## The task
Given these entries, repeat exactly the lines starting with the one that has "Anglia Ruskin University" and going on through the one that has "Screenshot №1 from game MY FIGHT", both included, but none of the pictures.

## Information supplied
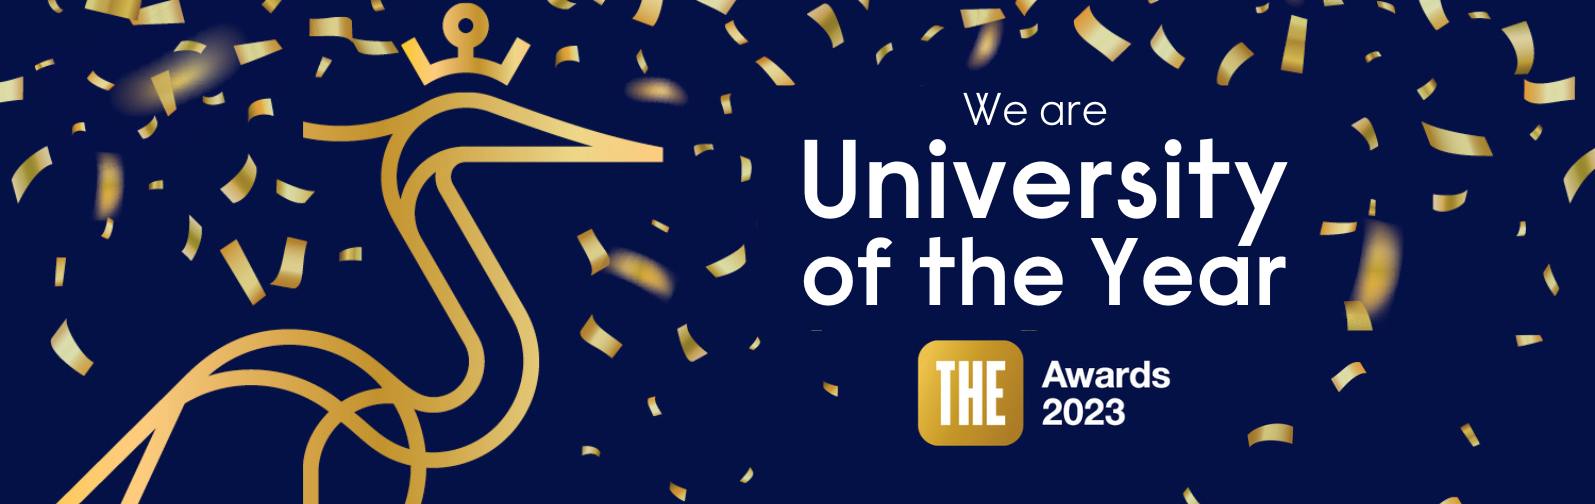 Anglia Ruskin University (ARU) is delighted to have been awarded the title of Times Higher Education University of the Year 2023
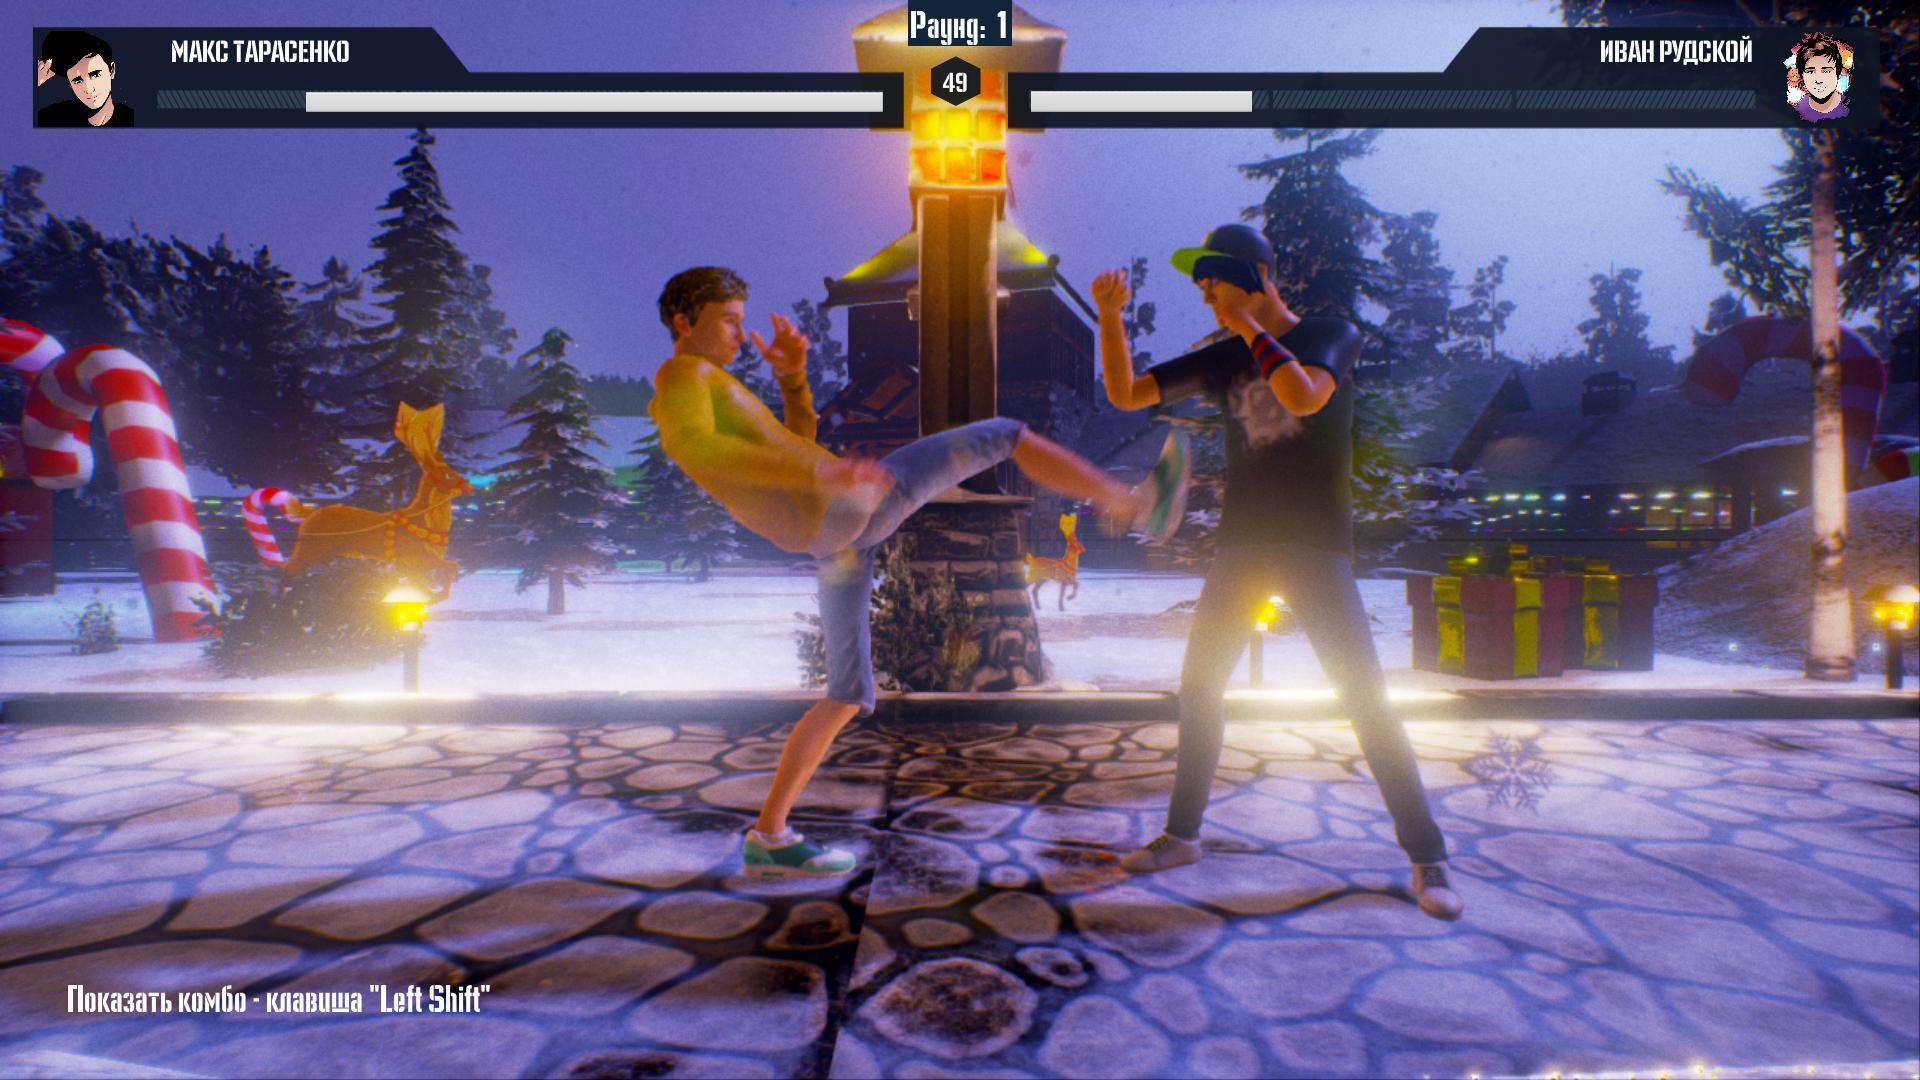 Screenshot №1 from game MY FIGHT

--

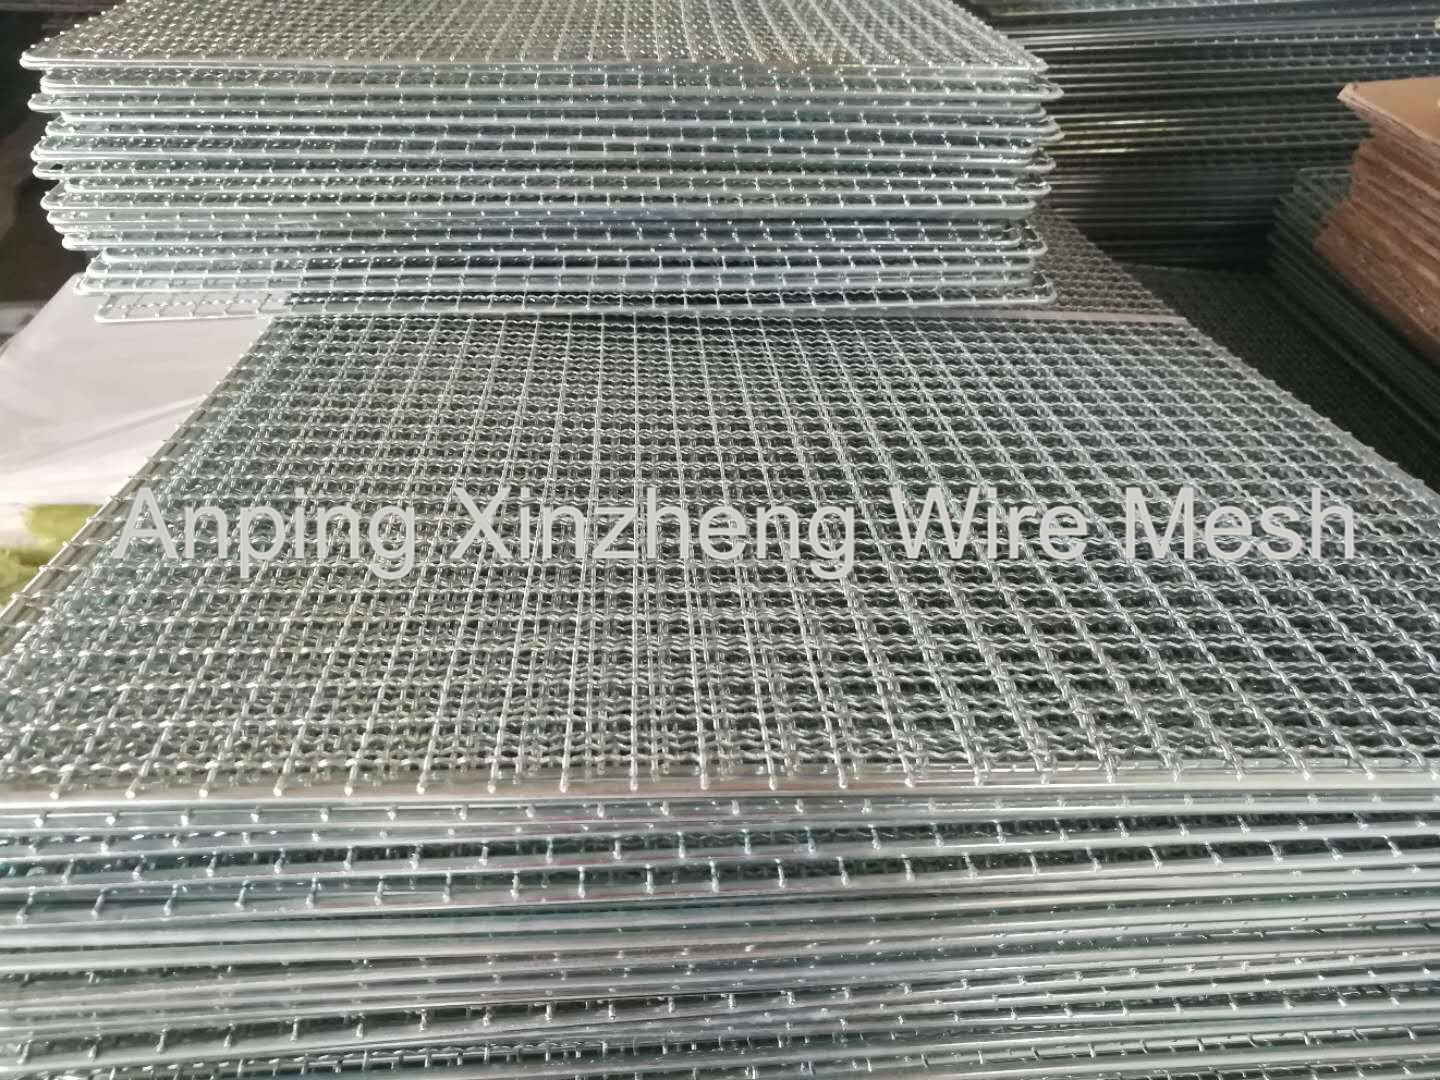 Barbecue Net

...

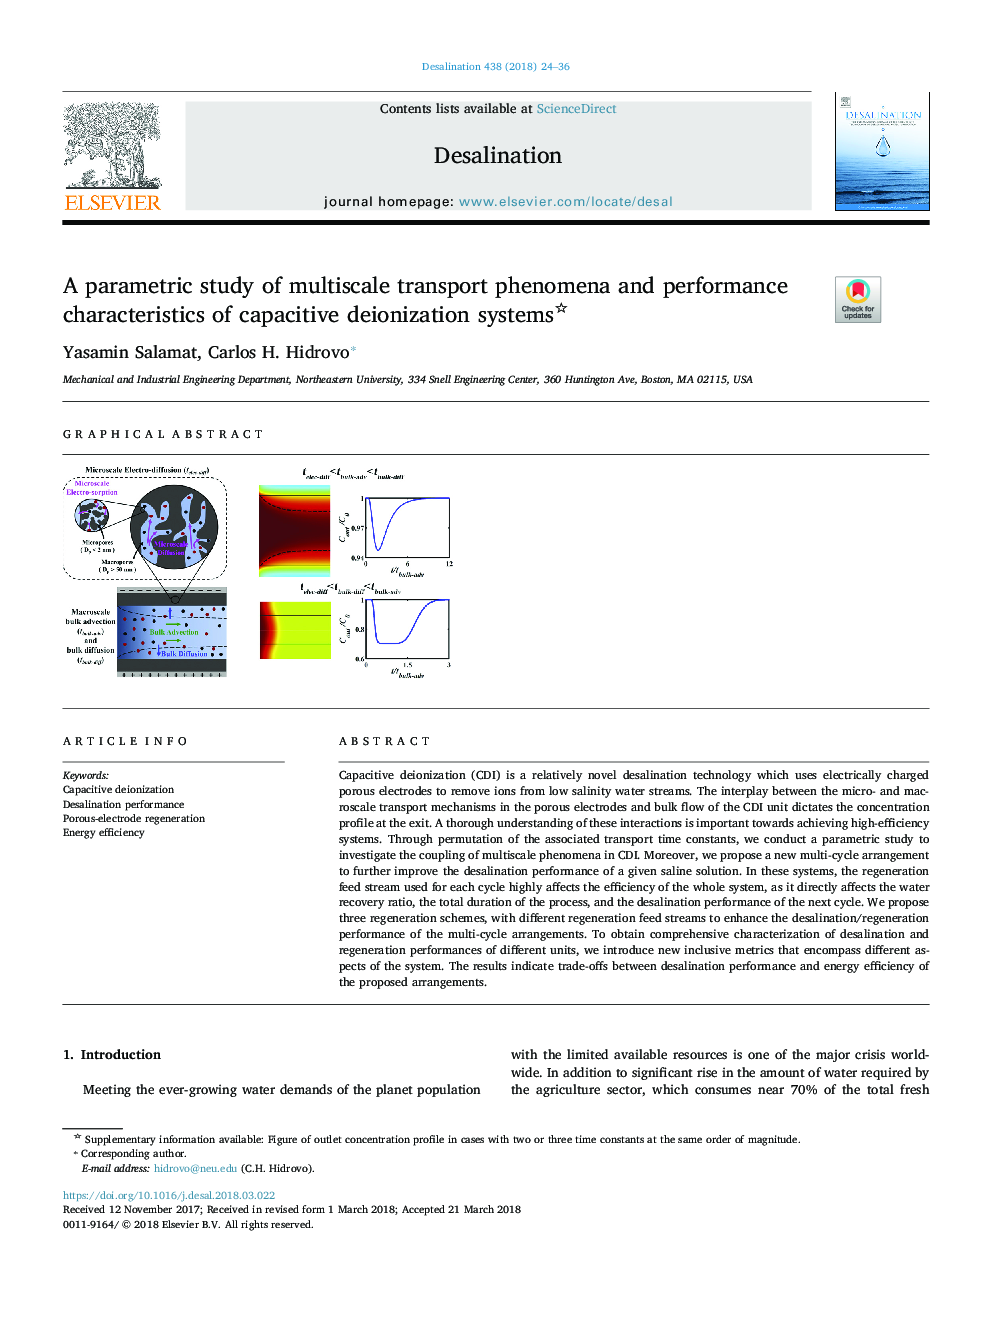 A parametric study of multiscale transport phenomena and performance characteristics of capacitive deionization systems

## Worked solution
 Anglia Ruskin University (ARU) is delighted to have been awarded the title of Times Higher Education University of the Year 2023
 Screenshot №1 from game MY FIGHT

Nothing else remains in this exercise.